» **Task**
What needs transcribing is the line with "Carhartt WIP - Master" and every line after it to the end of the records, exactly and alone, with no pictures.

» **Information given**
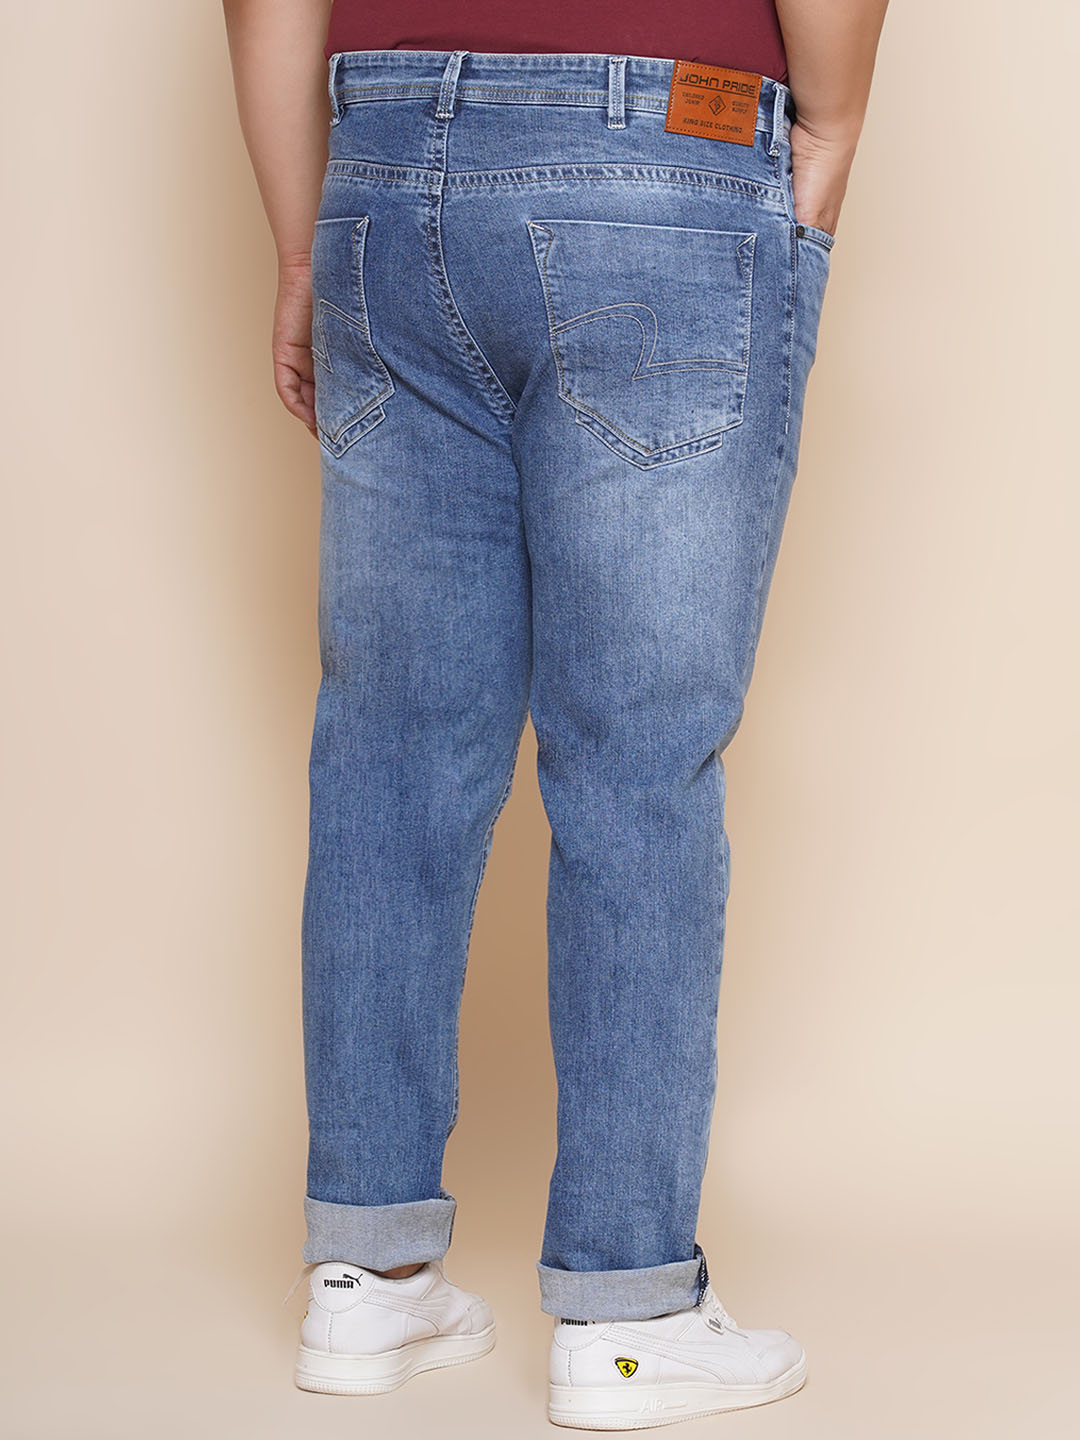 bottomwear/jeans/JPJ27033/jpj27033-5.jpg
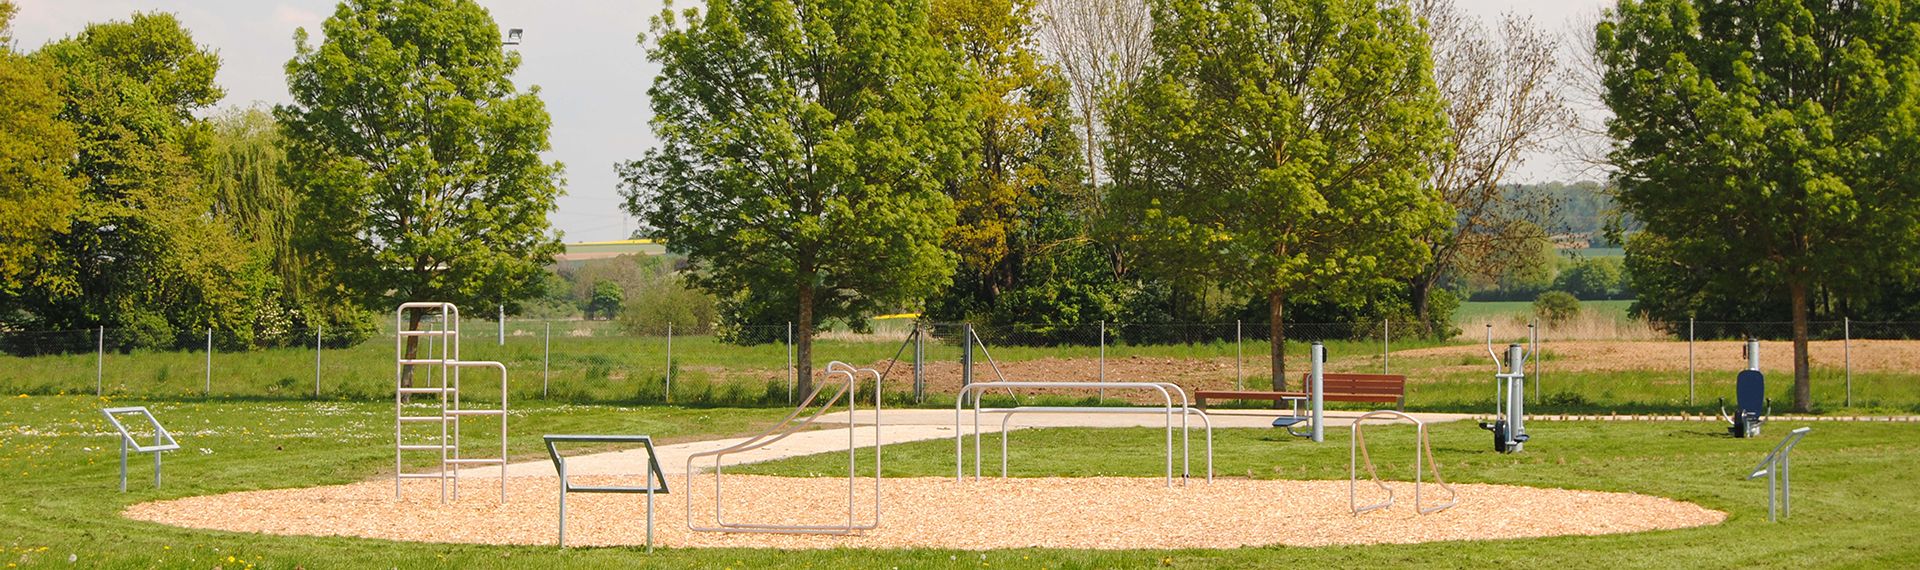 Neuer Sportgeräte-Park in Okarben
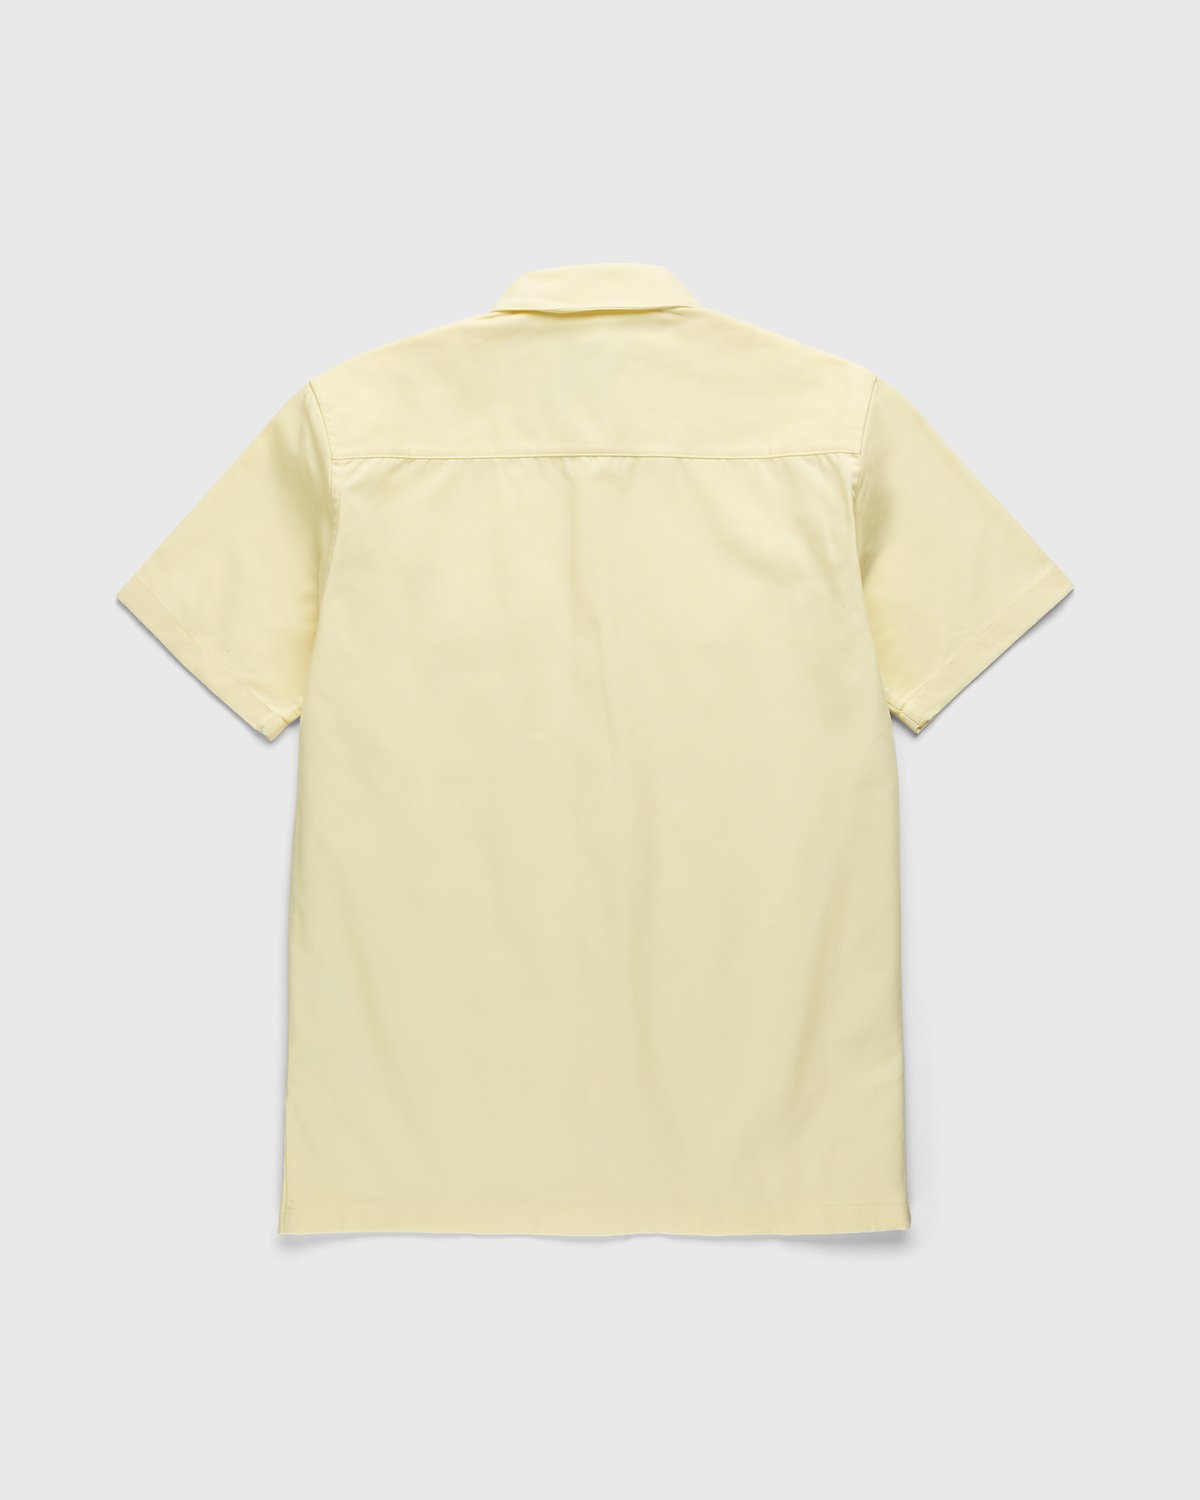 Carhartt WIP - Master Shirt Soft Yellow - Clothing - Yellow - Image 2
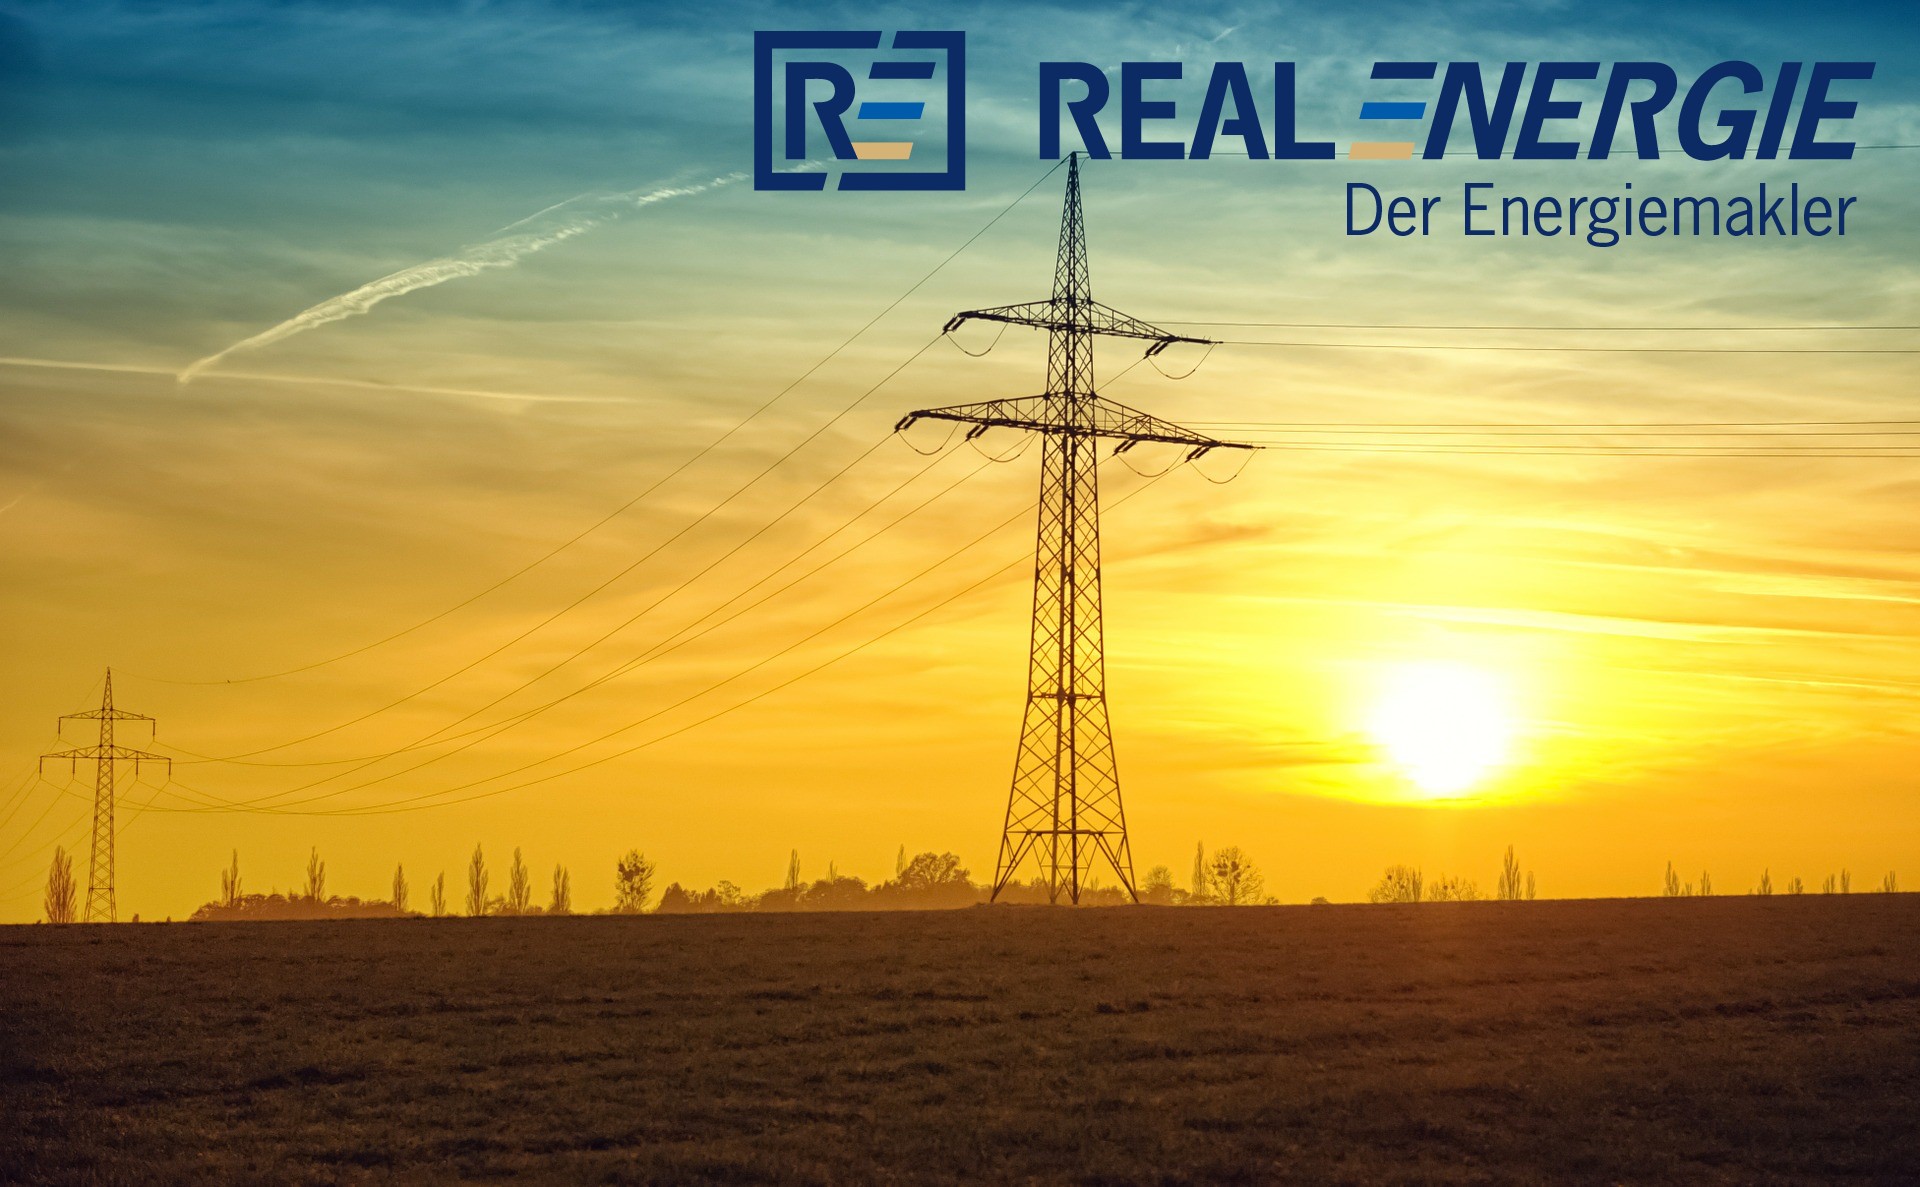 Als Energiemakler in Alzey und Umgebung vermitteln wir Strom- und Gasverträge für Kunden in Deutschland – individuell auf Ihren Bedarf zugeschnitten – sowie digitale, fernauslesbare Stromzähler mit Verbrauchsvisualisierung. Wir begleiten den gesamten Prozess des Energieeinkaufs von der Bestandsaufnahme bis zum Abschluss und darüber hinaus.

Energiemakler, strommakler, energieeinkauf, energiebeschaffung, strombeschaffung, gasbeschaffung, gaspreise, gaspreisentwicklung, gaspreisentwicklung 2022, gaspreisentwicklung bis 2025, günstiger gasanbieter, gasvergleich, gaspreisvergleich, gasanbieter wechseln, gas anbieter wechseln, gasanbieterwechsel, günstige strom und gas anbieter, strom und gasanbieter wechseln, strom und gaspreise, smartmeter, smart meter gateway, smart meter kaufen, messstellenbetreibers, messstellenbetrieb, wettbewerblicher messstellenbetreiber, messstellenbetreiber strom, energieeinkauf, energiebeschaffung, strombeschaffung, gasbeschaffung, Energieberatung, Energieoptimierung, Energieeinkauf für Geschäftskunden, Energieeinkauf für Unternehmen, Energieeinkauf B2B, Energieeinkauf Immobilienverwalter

» **Expected output**
 Carhartt WIP - Master Shirt Soft Yellow - Clothing - Yellow - Image 2
 Als Energiemakler in Alzey und Umgebung vermitteln wir Strom- und Gasverträge für Kunden in Deutschland – individuell auf Ihren Bedarf zugeschnitten – sowie digitale, fernauslesbare Stromzähler mit Verbrauchsvisualisierung. Wir begleiten den gesamten Prozess des Energieeinkaufs von der Bestandsaufnahme bis zum Abschluss und darüber hinaus.

Energiemakler, strommakler, energieeinkauf, energiebeschaffung, strombeschaffung, gasbeschaffung, gaspreise, gaspreisentwicklung, gaspreisentwicklung 2022, gaspreisentwicklung bis 2025, günstiger gasanbieter, gasvergleich, gaspreisvergleich, gasanbieter wechseln, gas anbieter wechseln, gasanbieterwechsel, günstige strom und gas anbieter, strom und gasanbieter wechseln, strom und gaspreise, smartmeter, smart meter gateway, smart meter kaufen, messstellenbetreibers, messstellenbetrieb, wettbewerblicher messstellenbetreiber, messstellenbetreiber strom, energieeinkauf, energiebeschaffung, strombeschaffung, gasbeschaffung, Energieberatung, Energieoptimierung, Energieeinkauf für Geschäftskunden, Energieeinkauf für Unternehmen, Energieeinkauf B2B, Energieeinkauf Immobilienverwalter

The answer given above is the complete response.